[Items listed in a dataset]
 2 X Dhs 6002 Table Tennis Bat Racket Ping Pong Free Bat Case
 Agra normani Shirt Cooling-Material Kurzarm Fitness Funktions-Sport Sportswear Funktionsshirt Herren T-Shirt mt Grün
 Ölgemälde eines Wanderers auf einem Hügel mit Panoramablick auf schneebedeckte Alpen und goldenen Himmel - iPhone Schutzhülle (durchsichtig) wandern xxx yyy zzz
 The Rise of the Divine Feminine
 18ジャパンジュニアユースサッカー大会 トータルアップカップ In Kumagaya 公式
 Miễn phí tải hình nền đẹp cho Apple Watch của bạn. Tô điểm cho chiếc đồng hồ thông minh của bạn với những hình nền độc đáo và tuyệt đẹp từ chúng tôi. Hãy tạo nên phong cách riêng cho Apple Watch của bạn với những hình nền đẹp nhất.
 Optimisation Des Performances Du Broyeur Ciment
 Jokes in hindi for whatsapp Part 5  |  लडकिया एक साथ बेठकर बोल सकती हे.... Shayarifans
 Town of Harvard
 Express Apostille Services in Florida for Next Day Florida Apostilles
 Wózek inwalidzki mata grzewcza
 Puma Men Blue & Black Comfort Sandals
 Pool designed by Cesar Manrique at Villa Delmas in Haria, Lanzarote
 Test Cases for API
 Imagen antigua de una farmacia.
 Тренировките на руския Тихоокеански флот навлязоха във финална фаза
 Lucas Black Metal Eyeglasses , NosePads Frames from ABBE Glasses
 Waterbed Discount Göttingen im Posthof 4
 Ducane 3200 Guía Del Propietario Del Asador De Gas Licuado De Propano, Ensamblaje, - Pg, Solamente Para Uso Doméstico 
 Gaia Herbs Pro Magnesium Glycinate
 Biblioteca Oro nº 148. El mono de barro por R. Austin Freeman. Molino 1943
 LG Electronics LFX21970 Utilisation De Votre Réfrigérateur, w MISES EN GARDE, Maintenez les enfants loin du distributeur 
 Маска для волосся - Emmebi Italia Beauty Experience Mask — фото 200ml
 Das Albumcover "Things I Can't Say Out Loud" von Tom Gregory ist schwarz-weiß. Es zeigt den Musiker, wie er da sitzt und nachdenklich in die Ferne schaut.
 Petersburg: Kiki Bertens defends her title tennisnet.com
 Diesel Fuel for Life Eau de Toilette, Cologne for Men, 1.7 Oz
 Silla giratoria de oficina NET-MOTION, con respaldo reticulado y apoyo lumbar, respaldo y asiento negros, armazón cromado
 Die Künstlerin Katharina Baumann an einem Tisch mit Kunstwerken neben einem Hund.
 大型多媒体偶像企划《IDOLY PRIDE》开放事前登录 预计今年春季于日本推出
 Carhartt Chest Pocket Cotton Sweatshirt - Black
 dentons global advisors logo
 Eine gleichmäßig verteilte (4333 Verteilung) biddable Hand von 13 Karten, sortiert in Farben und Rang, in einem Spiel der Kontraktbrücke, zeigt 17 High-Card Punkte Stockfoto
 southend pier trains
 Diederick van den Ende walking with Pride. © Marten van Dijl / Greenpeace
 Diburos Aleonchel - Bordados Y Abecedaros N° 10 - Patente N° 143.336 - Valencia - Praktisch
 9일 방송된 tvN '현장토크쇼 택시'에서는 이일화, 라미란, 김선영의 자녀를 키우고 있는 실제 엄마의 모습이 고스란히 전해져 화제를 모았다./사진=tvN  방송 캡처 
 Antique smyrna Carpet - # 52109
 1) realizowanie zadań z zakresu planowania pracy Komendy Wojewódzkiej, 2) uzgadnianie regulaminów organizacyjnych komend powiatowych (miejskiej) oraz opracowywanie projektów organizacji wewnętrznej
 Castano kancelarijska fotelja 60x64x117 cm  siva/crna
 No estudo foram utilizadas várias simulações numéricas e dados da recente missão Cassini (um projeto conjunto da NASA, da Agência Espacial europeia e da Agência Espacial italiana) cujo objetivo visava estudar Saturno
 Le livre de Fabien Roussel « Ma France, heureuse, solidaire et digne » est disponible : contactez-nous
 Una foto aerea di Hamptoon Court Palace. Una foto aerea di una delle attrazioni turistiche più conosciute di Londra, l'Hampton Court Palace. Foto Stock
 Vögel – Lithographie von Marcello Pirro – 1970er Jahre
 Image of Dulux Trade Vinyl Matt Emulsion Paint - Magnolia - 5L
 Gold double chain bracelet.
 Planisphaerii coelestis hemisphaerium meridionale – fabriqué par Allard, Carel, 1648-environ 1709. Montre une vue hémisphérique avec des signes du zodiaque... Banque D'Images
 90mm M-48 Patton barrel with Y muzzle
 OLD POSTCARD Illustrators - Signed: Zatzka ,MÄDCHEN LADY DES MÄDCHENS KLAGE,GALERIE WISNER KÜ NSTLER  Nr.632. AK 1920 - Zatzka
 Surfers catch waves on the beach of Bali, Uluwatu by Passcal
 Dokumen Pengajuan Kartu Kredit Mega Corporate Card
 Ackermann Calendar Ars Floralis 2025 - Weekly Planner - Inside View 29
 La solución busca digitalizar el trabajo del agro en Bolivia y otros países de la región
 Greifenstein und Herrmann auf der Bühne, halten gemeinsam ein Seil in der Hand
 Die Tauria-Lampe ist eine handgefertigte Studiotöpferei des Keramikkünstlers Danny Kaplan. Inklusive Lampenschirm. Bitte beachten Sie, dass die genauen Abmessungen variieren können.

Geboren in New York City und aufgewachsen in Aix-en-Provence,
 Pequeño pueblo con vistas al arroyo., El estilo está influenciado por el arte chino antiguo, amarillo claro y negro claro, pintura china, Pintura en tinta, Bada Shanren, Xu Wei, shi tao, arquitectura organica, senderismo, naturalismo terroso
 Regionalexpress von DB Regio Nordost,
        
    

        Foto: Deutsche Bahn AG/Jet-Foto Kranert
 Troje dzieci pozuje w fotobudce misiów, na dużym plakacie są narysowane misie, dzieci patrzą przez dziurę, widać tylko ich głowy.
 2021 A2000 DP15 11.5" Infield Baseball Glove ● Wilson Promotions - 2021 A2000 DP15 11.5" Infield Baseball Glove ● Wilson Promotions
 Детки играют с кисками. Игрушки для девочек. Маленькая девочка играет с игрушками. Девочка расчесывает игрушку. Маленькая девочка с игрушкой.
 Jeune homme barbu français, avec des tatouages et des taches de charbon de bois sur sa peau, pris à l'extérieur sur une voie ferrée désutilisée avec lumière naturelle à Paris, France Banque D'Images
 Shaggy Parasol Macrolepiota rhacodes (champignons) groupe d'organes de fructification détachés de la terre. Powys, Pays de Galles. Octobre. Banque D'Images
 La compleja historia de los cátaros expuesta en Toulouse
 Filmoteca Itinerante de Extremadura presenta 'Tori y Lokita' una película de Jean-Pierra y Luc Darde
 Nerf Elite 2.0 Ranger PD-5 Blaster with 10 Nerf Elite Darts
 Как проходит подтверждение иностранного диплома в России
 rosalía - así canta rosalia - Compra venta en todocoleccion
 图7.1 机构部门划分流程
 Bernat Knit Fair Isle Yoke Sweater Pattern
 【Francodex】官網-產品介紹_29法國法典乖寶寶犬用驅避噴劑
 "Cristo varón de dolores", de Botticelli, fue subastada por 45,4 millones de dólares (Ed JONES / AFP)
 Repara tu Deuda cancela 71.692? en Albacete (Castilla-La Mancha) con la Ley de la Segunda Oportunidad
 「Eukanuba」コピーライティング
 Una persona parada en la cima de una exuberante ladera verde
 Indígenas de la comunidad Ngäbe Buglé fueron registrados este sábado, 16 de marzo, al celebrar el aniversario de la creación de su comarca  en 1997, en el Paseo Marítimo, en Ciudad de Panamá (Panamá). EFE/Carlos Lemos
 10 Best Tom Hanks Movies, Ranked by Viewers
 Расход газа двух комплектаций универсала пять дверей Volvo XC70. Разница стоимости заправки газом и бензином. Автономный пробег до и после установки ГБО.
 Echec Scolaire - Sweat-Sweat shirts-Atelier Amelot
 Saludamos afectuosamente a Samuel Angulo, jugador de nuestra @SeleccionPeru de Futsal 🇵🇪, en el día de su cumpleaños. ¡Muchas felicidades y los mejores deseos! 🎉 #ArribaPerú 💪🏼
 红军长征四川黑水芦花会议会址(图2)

PROBLEM REQUIREMENTS:
Only the lines above from the one with "Le livre de" through the one with "Vögel – Lithographie" should be duplicated, character for character.

EXPECTED ANSWER:
 Le livre de Fabien Roussel « Ma France, heureuse, solidaire et digne » est disponible : contactez-nous
 Una foto aerea di Hamptoon Court Palace. Una foto aerea di una delle attrazioni turistiche più conosciute di Londra, l'Hampton Court Palace. Foto Stock
 Vögel – Lithographie von Marcello Pirro – 1970er Jahre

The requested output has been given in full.